Too Long; Didn't Read

This is the fourth post in a series all about uploading files for the web. In the previous posts, we covered uploading files using just HTML, uploading files using JavaScript, and how to receive file uploads on a Node.js server. This post is going to take a step back and explore architectural changes to reduce costs when adding file uploads to our applications.

featured image - Stream File Uploads to S3 Object Storage and Save Money

This post is going to take a step back and explore architectural changes to reduce costs when adding file uploads to our applications.

By this point, we should be receiving multipart/form-data in Node.js, parsing the request, capturing the file, and writing that file to the disk on the application server.

There are a couple of issues with this approach.

First, this approach doesn’t work for distributed systems that rely on several different machines. If a user uploads a file it can be hard (or impossible) to know which machine received the request, and therefore, where the file is saved. This is especially true if you’re using serverless or edge compute.
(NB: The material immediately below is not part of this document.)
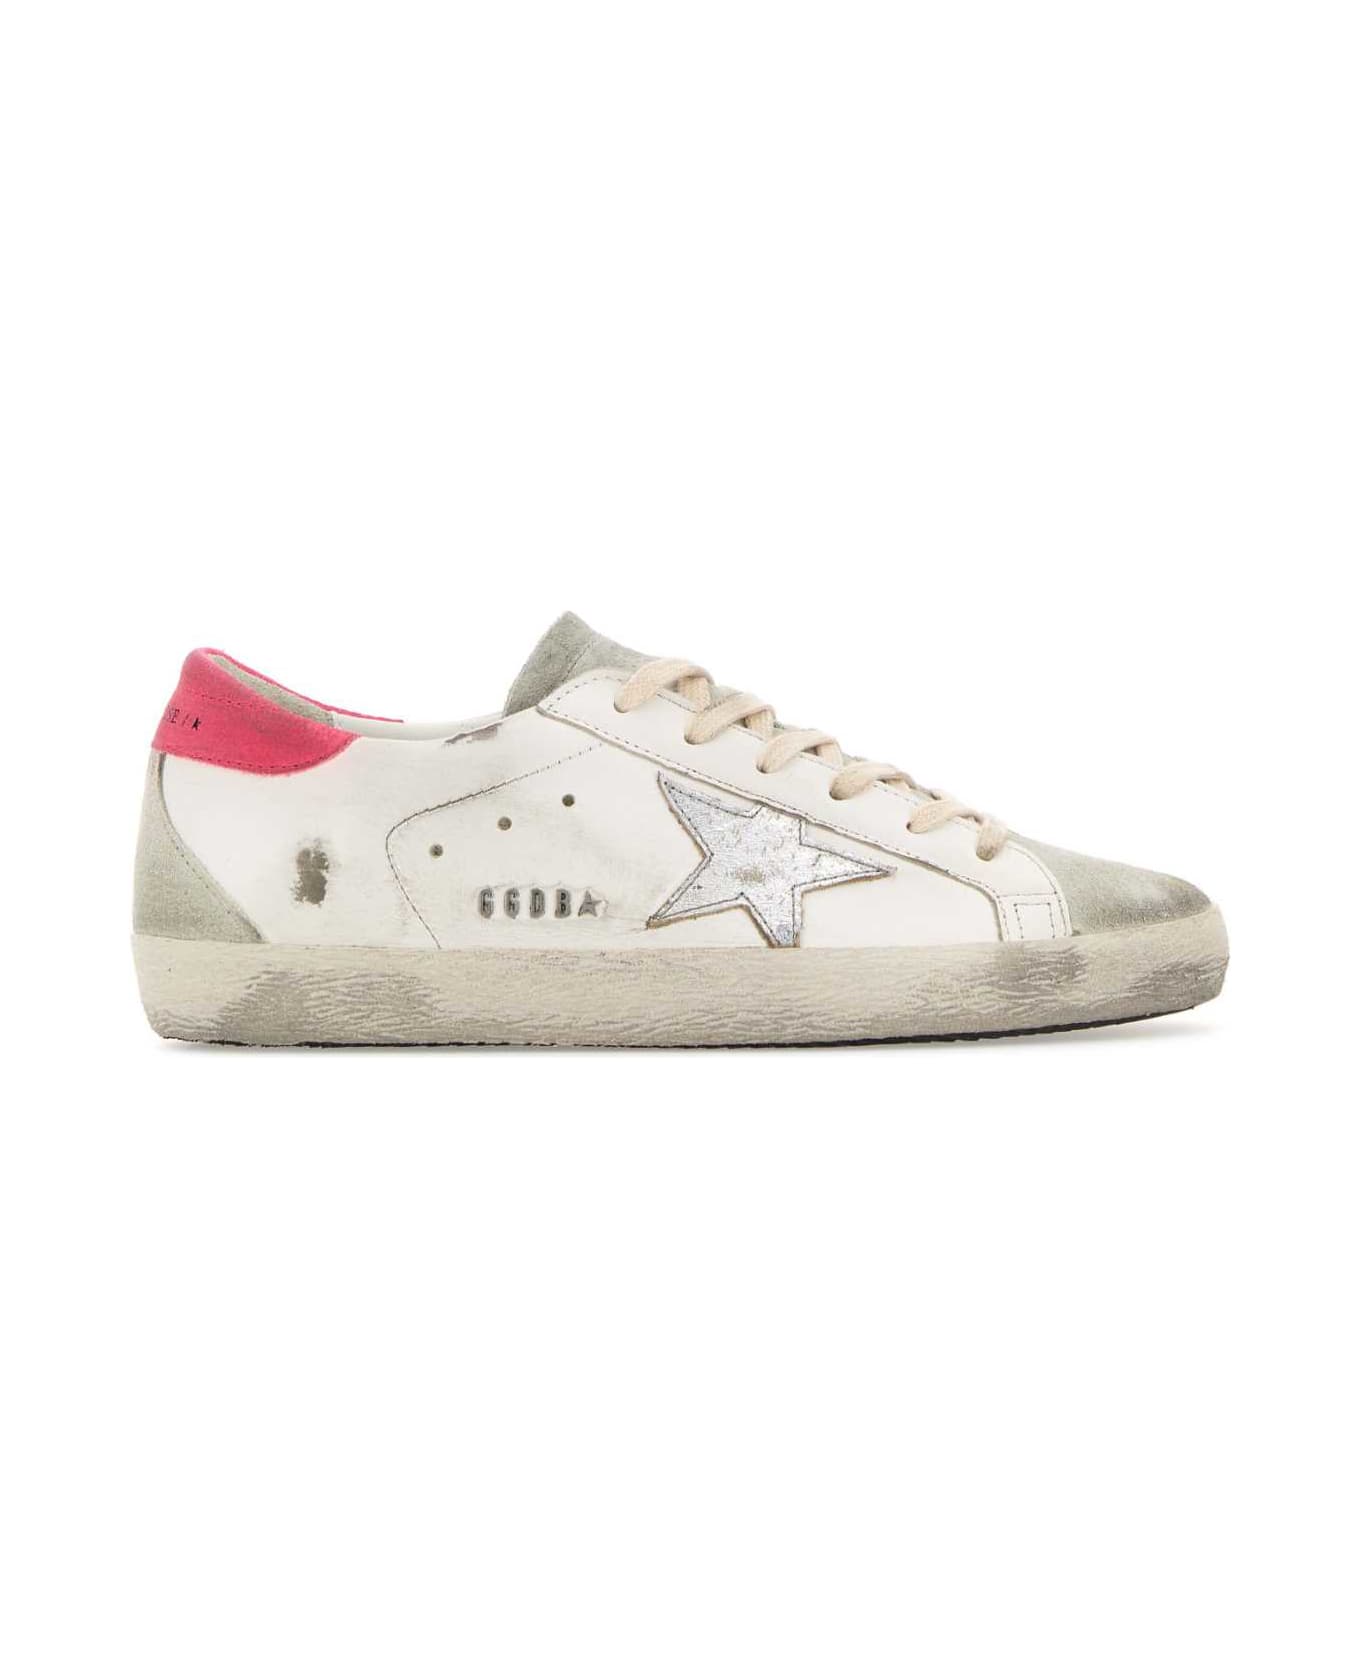 Golden Goose Multicolor Leather Superstar Sneakers - WHITEICESILVERLOBSTERFLUO

Secondly, storing uploads on the application server can cause the server to quickly run out of disk space. At which point, we’d have to upgrade our server. That could be much more expensive than other cost-effective solutions.

And that’s where Object Storage comes in.

What is Object Storage

You can think of Object Storage like a folder on a computer. You can put any files (aka “objects”) you want in it, but the folders (aka “buckets”) live within a cloud service provider. You can also access files via URL.

Object Storage provides a couple of benefits:

It’s a single, central place to store and access all of your uploads.
It’s designed to be highly available, easily scalable, and super cost-effective.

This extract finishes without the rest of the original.